Tal vez pudo más la mirada ajena, la distancia o la forma extraña que se cuela como una mezcla de sensaciones en el vientre, remolinos que se niegan a permitirnos olvidar la extenuante contemplación del vacío. Cuando todos se marcharon y nosotros quedamos ahí, en el silencio al fin conquistado, la música fue la única compañera que supo evocarnos. Solos, como siempre, nos descubrimos perdidos en el eco de los recuerdos, bajo el manto silencioso de la última luz antes del amanecer…
Las siluetas saben condensarse en esta cotidianeidad que nos abraza y envuelve. Hemos de ser eso que soñamos, o quizá no era tan así. O tal vez éramos un grito despiadado en la levedad de la suerte, cuando, en una danza espontánea, las miradas se entrecruzan en una sala de bullicios que ya olvidé. Cada copa levantada de soslayo es un verso que escribimos en las sombras.
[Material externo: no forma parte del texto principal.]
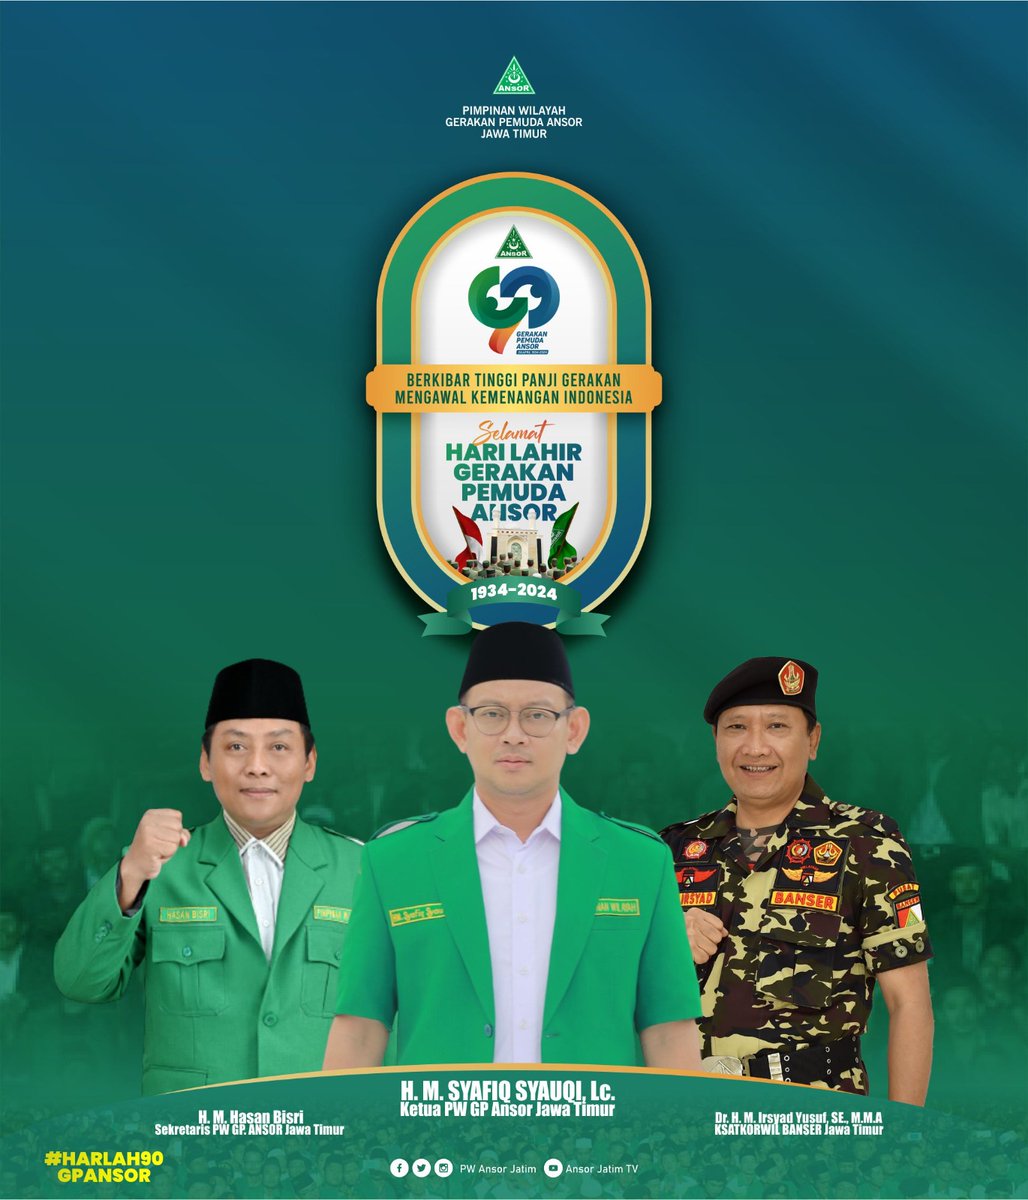 'Berkibar Tinggi Panji Gerakan Mengawal Kemenangan Indonesia' Selamat Hari Lahir Gerakan Pemuda Ansor ke 90 Tahun, 24 April 2024 #Harlah90GPAnsor

Siluetas que se siguen mirando, como espíritus que se niegan a marcharse de nosotros: tomad nuestra fortuna y dibujadnos por siempre, ahí, escondidos, como un secreto que se mantuvo discreto en un tiempo imposible de medir, salvo en este vaivén que oscila entre lo que fuimos y lo que seremos.
Siluetas de lo que somos, tomad nuestras manos y guiadnos al final de todo.
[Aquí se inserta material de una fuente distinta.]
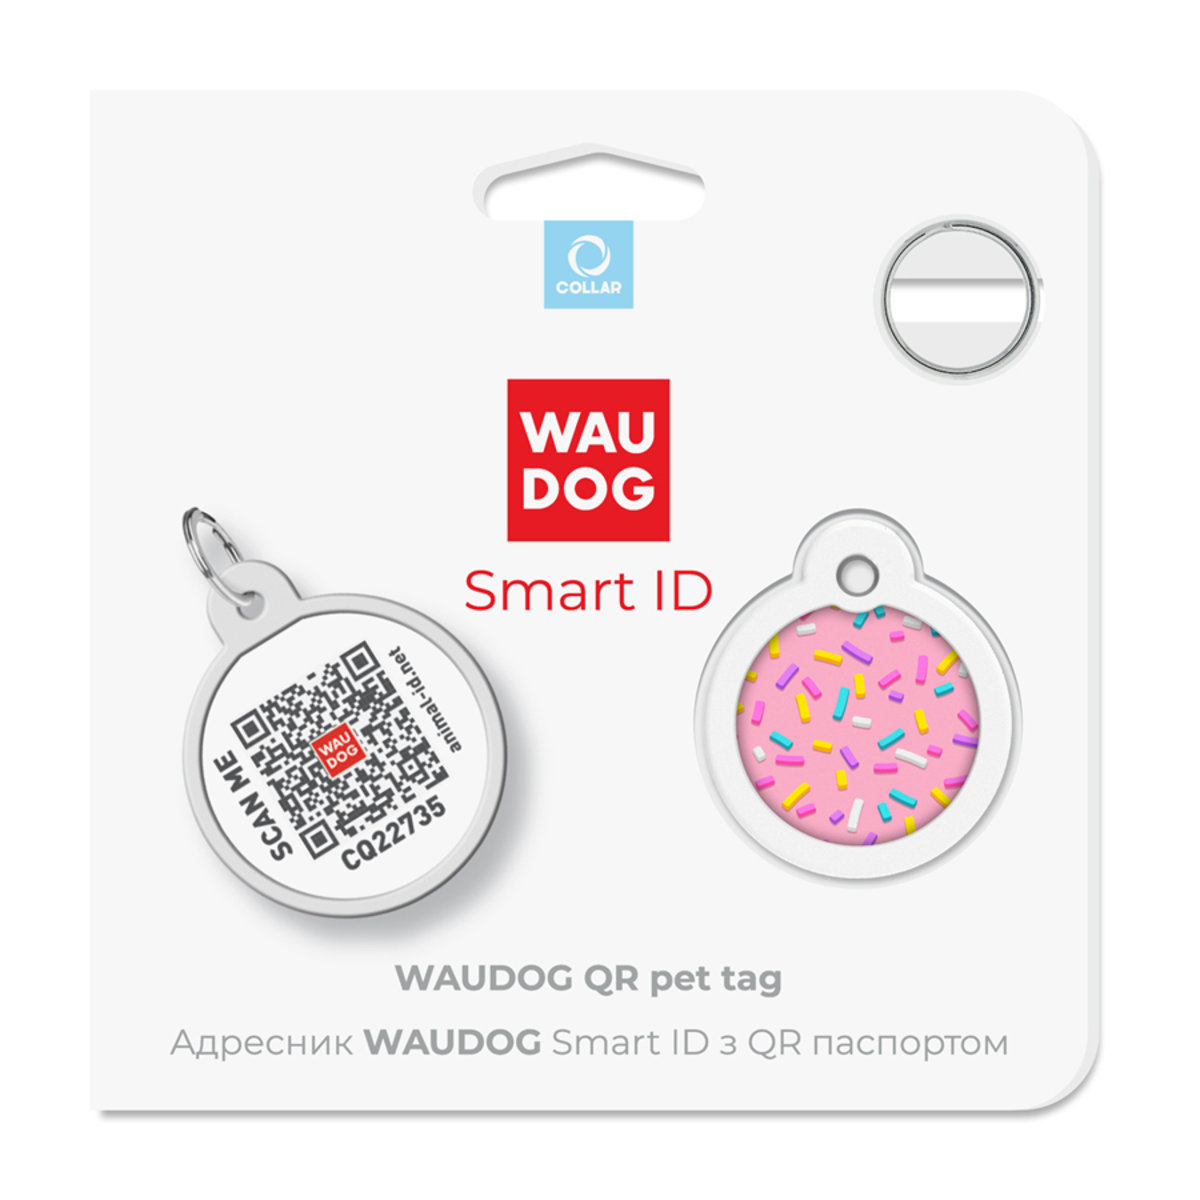 Адресник для собак и кошек Waudog Smart ID с QR паспортом, Маршмеллоу, S, диаметр 25 мм - фото 5

Saltimbanquis pululan en cada espacio y rincón, moviéndose con gracia y tóxica ambivalencia. Son el sarcasmo, la primera entrega, la noche larga que siempre vive en mí, sorteando culpas imaginarias.
Estabas sentada y yo, guiado por tus ojos que me hablaban del mundo entero, pero tú en silencio, siempre en silencio. Esto de escribir sin códigos es algo nuevo, pero extraño; nuevo, pero muy extraño.
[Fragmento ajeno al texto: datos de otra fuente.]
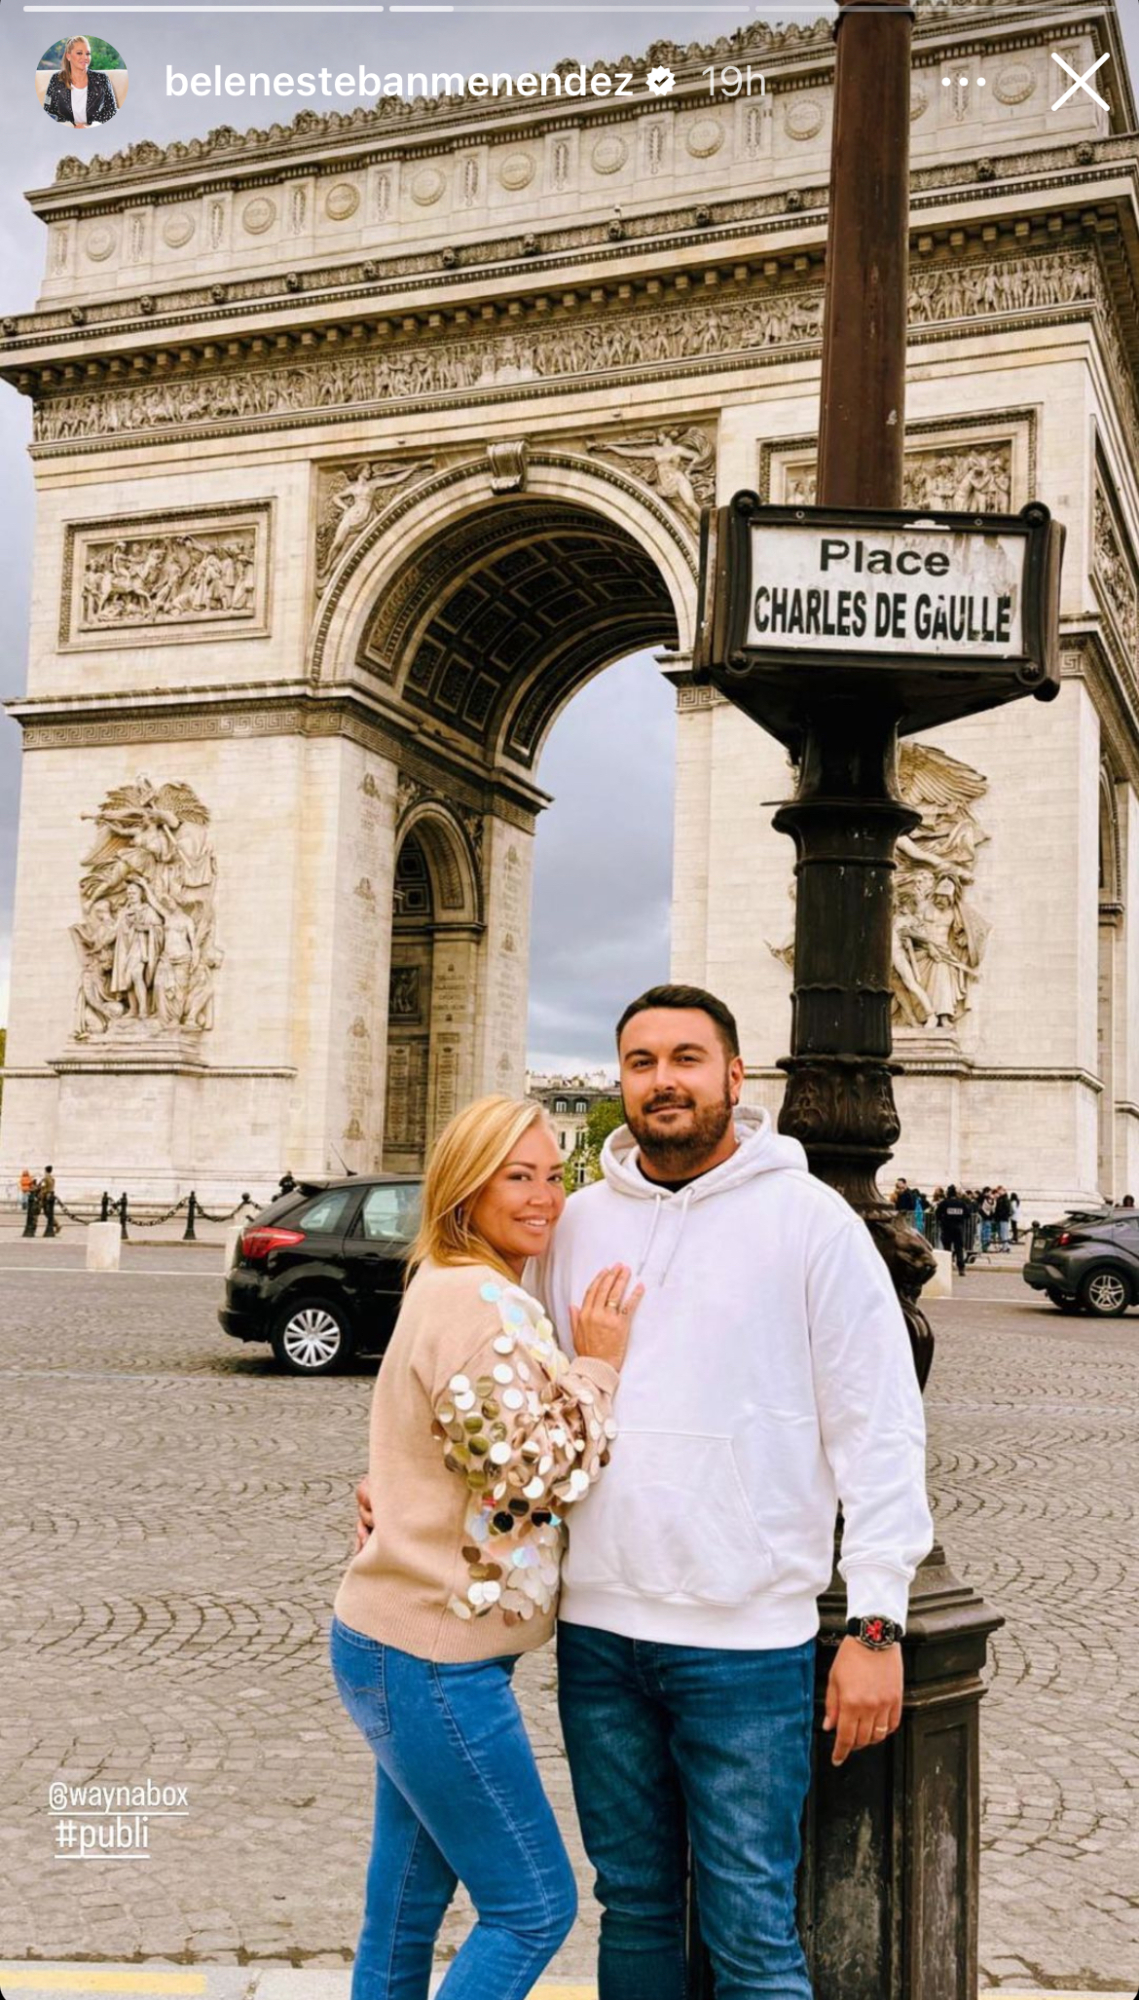 Belén Esteban y su marido posando en París para redes sociales

Estoy seguro de que subimos al cielo. Valparaíso tenía esa cualidad de raptarnos del tiempo y el espacio, porque todo tiene un precio y una dirección. En la subida se sumaron unos vinos y un par de cigarrillos… qué tiempos aquellos en que fumábamos la vida entera: la vida en momentos, la vida en recuerdos, la vida en sufrimiento, la vida en extrañarnos, la vida que nos tocó vivir.